DILI - Francisco Guterres "Lu Olo" and Taur Matan Ruak fought together in East Timor's bitter struggle for freedom from Indonesia's long occupation of their half-island nation.
Now the former guerrilla leaders are doing battle for the presidency, facing off in a second round of voting after garnering the largest number of votes in the first round last month that failed to produce a decisive winner.
One of the two candidates is set to replace the Nobel Prize-winning incumbent Jose Ramos-Horta who trailed in third place in the first round and lost his bid for a second five-year term.

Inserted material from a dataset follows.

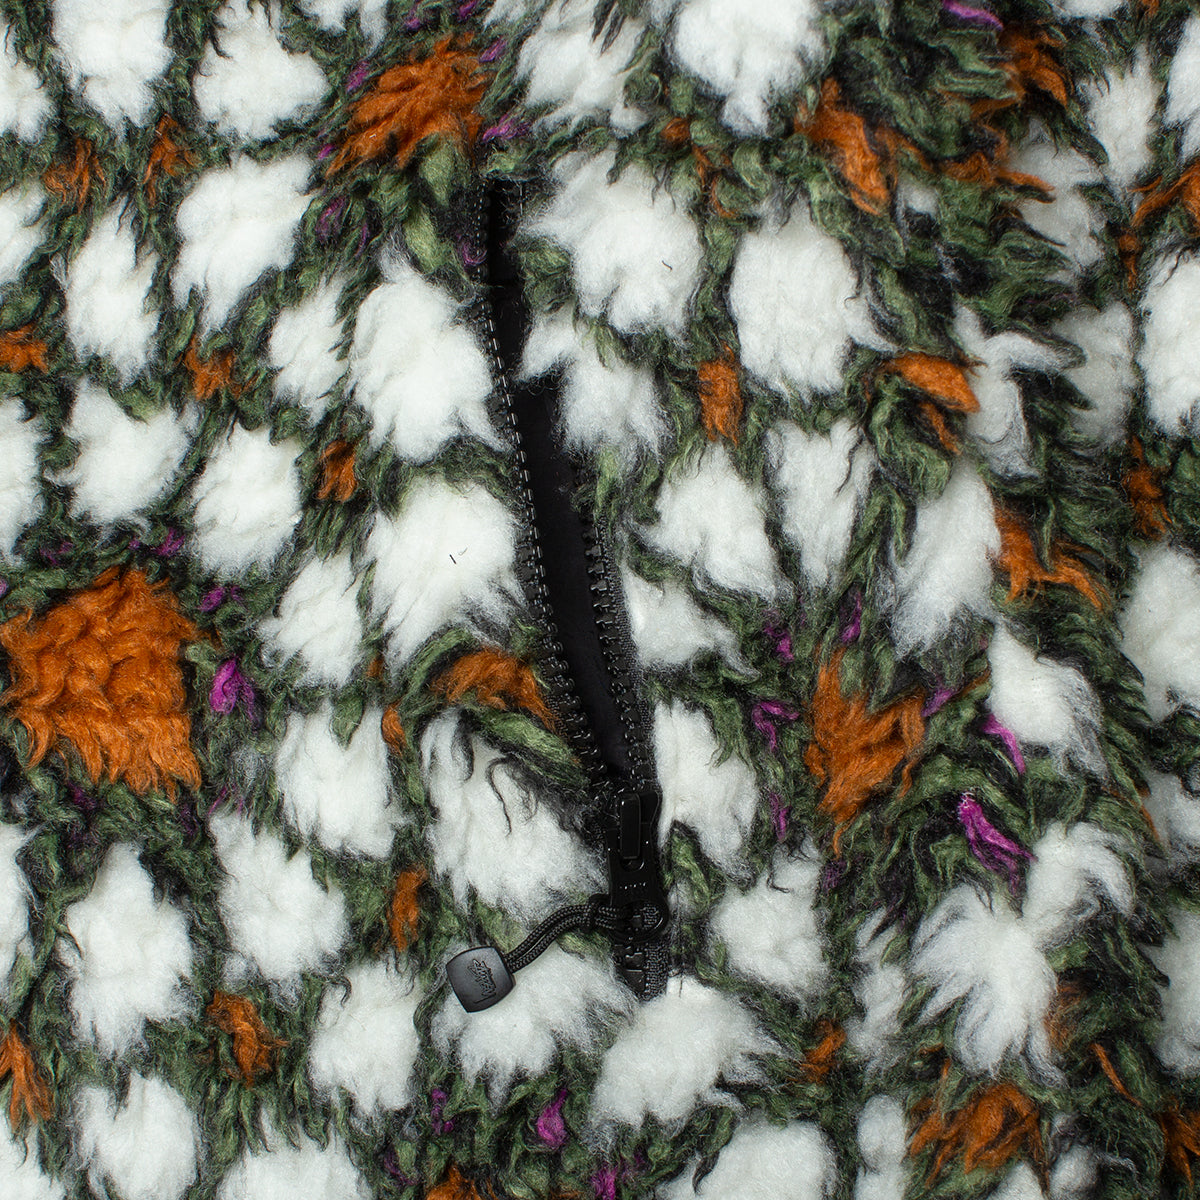 Pattern Sherpa Jacket – Premier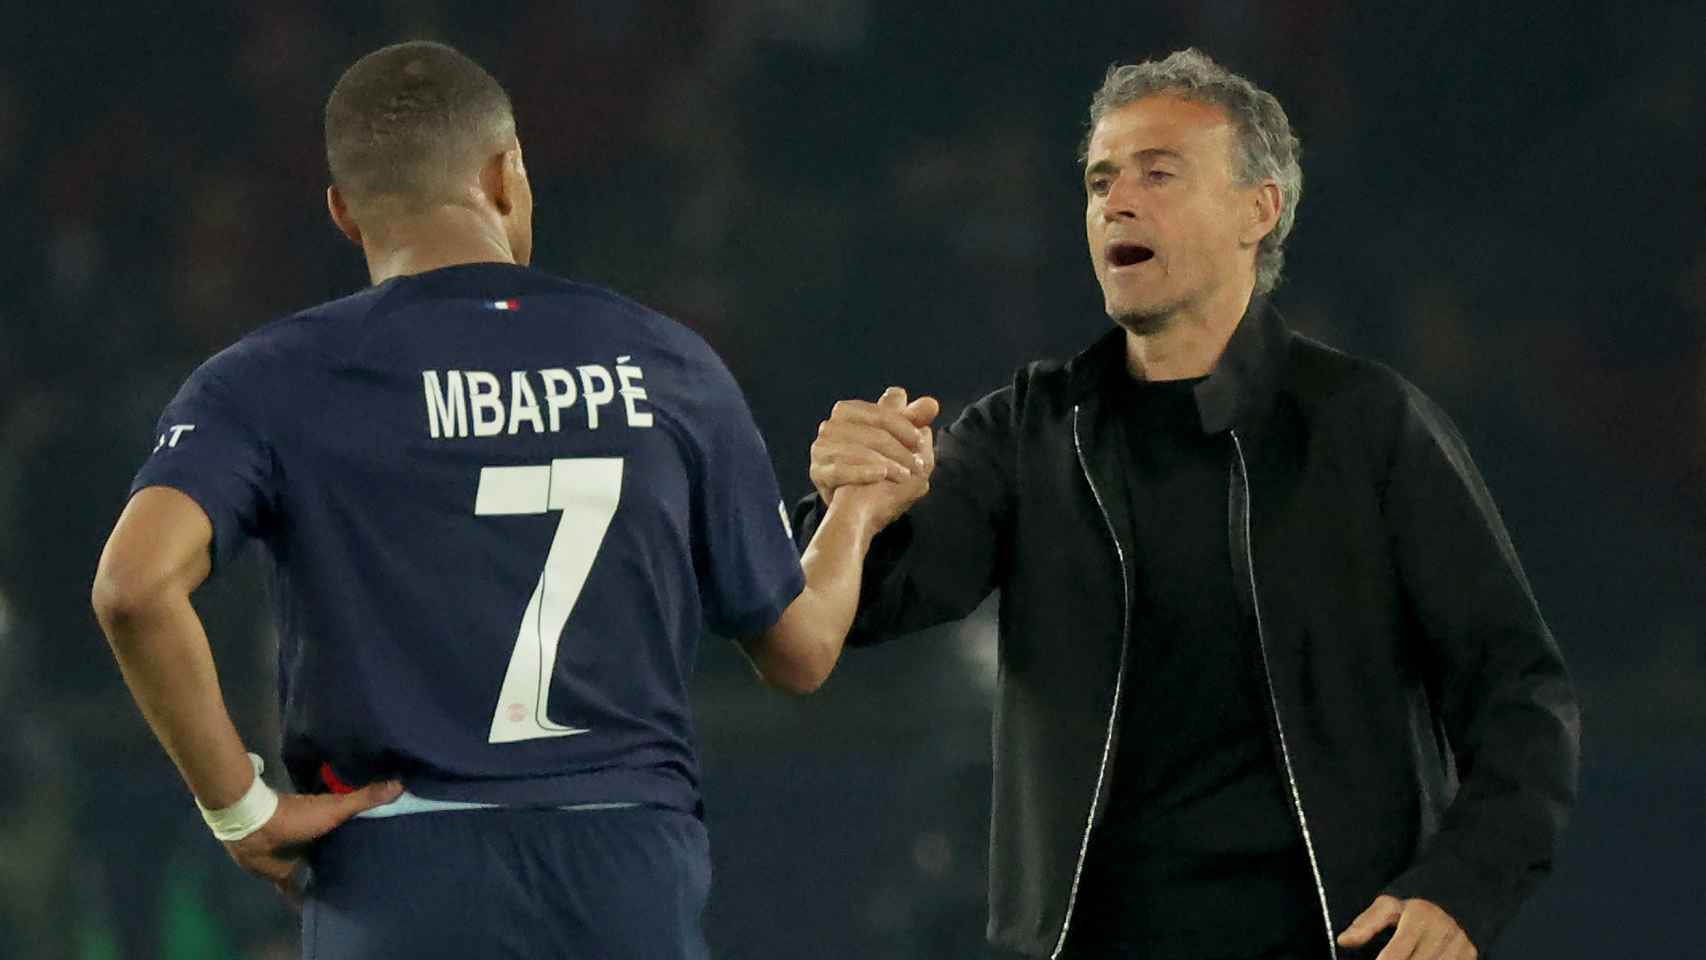 Luis Enrique saluda a Kylian Mbappé tras la eliminación del PSG en Champions

Both Lu Olo and Ruak are heroes of the fight against Indonesia's 24-year occupation, which left an estimated 183,000 people dead through genocide, disease and starvation, according to the country's reconciliation commission.
Lu Olo - Guterres's nom de guerre by which he is popularly known - has shed his guerrilla image, earning a law degree and campaigning in a suit and tie.
But Ruak went on the campaign trail dressed in military fatigues, reinforcing his hero credentials in a country where the struggle against occupation still resonates, a decade after independence.
The winner will become the leader of an impoverished and unstable country which faces a series of key events including the departure of UN forces stationed there since a bloody 1999 vote for independence.
Lu Olo, who heads the opposition Fretilin party, spent 24 straight years in the jungle, the longest of any of the nation's guerrilla leaders.